6. Extra isolation is critical at the database layer
Actually I mentioned in reason №2 and reason №3 my proofs about this thought. But I put this in separate topic because I want to notice this fact once again. The more isolation levels we have, the more resource overhead we get. It’s not the issue when we get a lot of benefits instead of dedicated environments. But in Docker these features for stateless computing services, not for databases.
So, we don’t see any isolation features for database, why should we put this in container?
7. Cloud platform incompatibility
Majority of us getting started with projects in the cloud. So, cloud simplifies VMs juggling and possibility for quick termination and replacement. For example, why do we need the testing/staging environment at night or weekend when nobody works? Why do we have to scare about single instance uptime when we can spin up another one? Having the same configuration and service start process.
This feature is the main one. That’s why we pay a lot to our cloud provider. It will disappear when we put the database container for the instance. That way new instance won’t be compatible with existing one because of data mismatch. So, we’ll restrict yourself to the single machine and such juggling will be impossible.
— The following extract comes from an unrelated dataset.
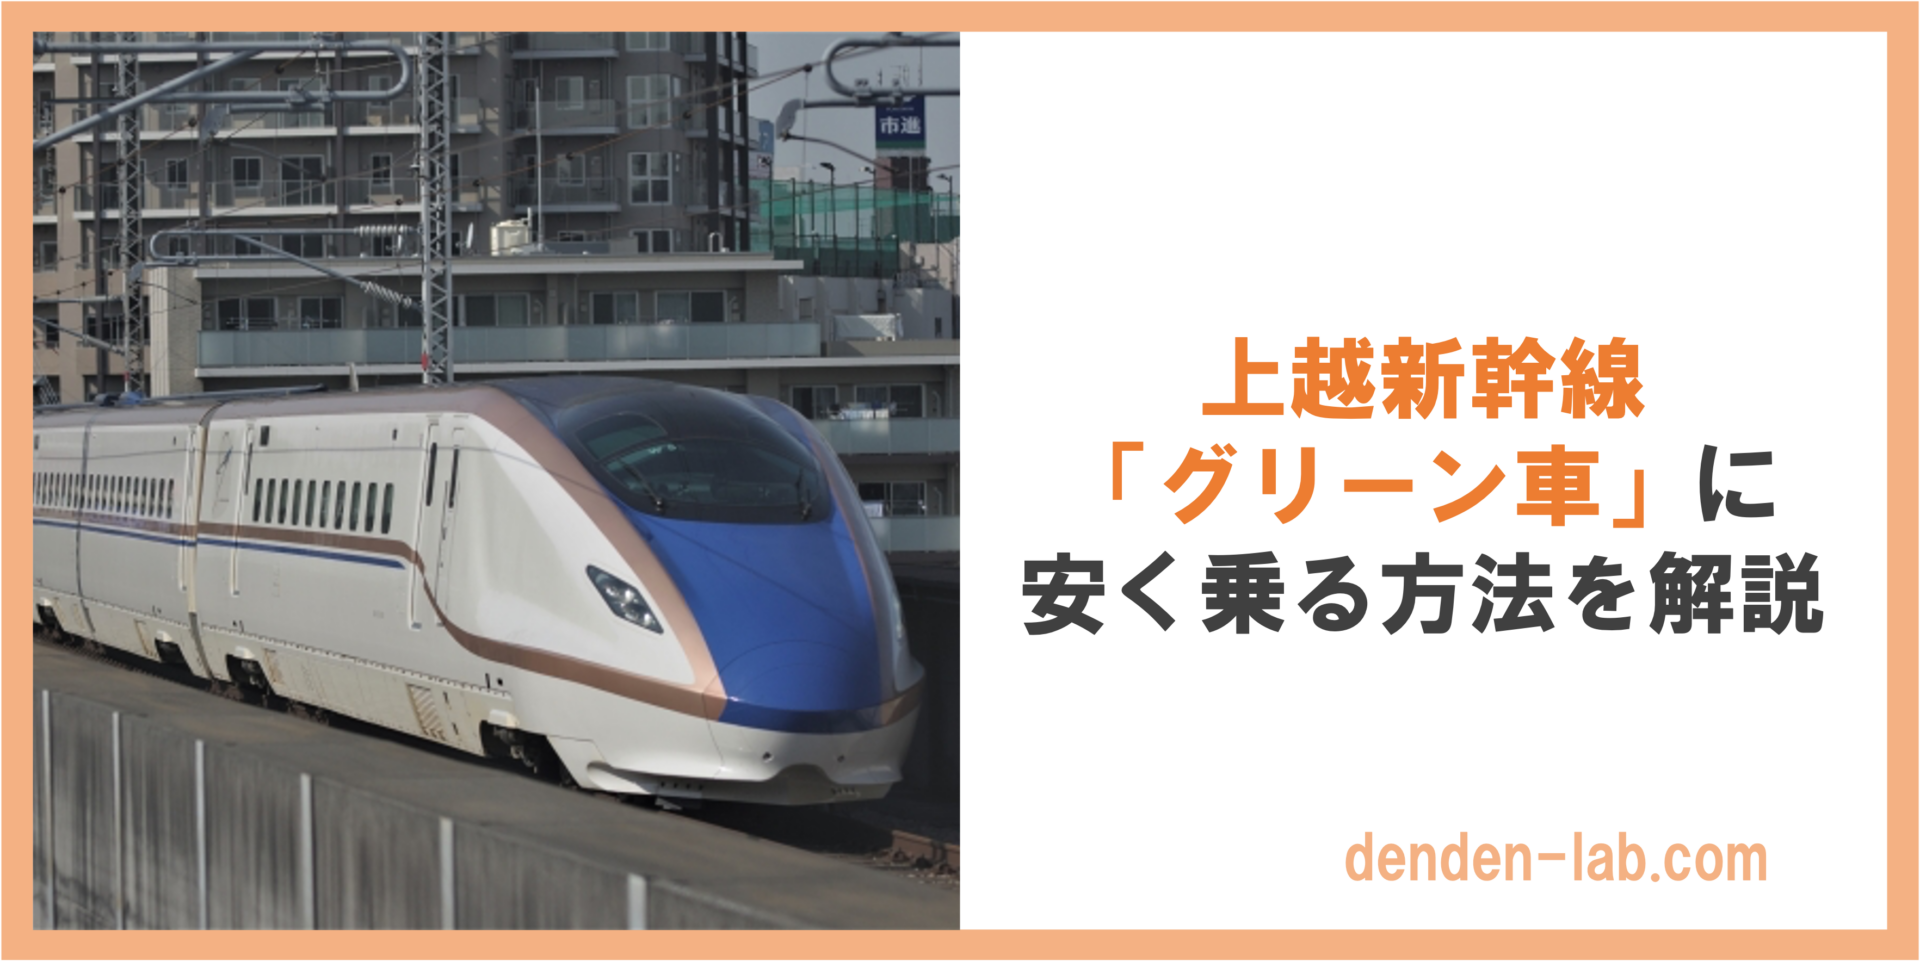 上越新幹線 「グリーン車」に 安く乗る方法を解説

Better to use a non-containerized environment for DB. Leave the juggling and autoscaling only for computing service layer.
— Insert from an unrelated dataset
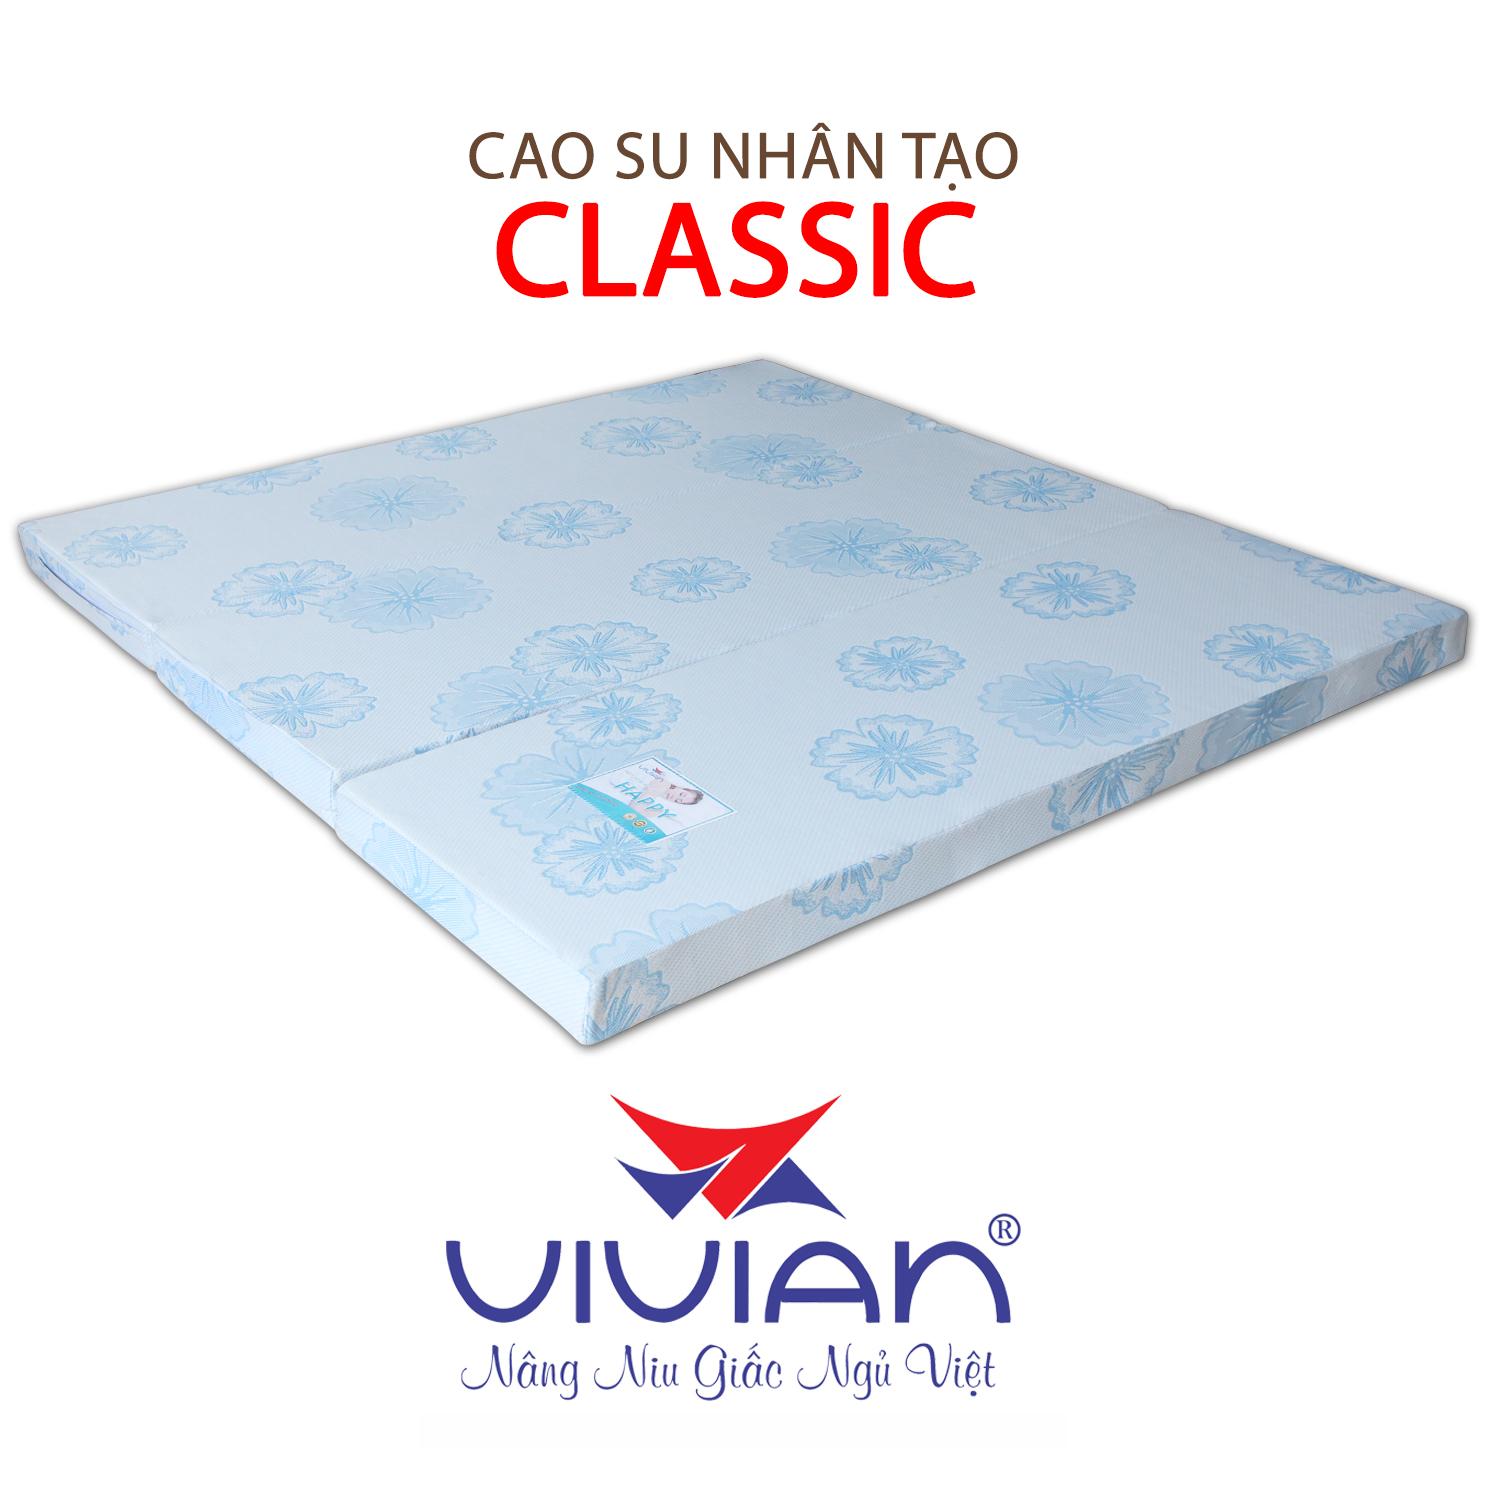 NỆM CAO SU NHÂN TẠO CLASSIC GẤP 3 VIVIAN 100X200X20

Does it matter all databases?
No, not all. It’s all about databases where data should be persisted. And it’s also about databases with special resource requirements.
If we talk about using Redis as a cache or user sessions storage – there should not be any problem. Your data have no risk to get lost because you don’t need this kind of data persistent. But if we talk about Redis as a persistent data storage – you’d be better to put the database outside of container. Even if you have constantly refreshed RDB snapshot. It’s going to be complicated to find this snapshot in the rapidly changing computing cluster.
Also we may talk about Elasticsearch inside the container. We may store in ES only indexes and constantly rebuilt them from persistent data source. But look at the requirements! By default Elasticsearch takes from 2 to 3 GB memory. Memory usage is inconsistent in order to Java garbage collection stage. Are you sure Elasticsearch is the best for container designed for resource limitation? Wouldn’t be better to organize different instance for Elasticsearch with hardware requirements arranged?
And don’t worry about local development. You’ll save a lot of time and efforts putting the database in containers at local environment. Also you’ll be able to repeat the production OS environment. You know, native Postgres for OS X or Windows is not 100% compatible with LInux version. Setting up the container instead of package on your host OS, you’ll cover this lack.
The Docker hype should go down someday. And it doesn’t mean people will stop using container virtualization. It means that people will start using containers properly and put VALUE on the top.
Few days ago I watched the awesome talk about frameworks survival in messy Ruby world. What I pointed from this talk, having no knowledge about Ruby – technology life cycle. Frankly speaking, hype cycle. Looking at this hype cycle we see the Docker on the second stage – peak of inflated expectations – too long time. The situation will be normalized when we’ll see the Docker at the last stage. I think we’re responsible for such process and may speed up this process. And have to.
P.S: yay, this is almost the first post at this blog where I put my own thoughts, not a “how to” instruction. I still have a lot of similar mindless guides at the schedule. So, there won’t be many and after them I’ll try to write less, but reasonably.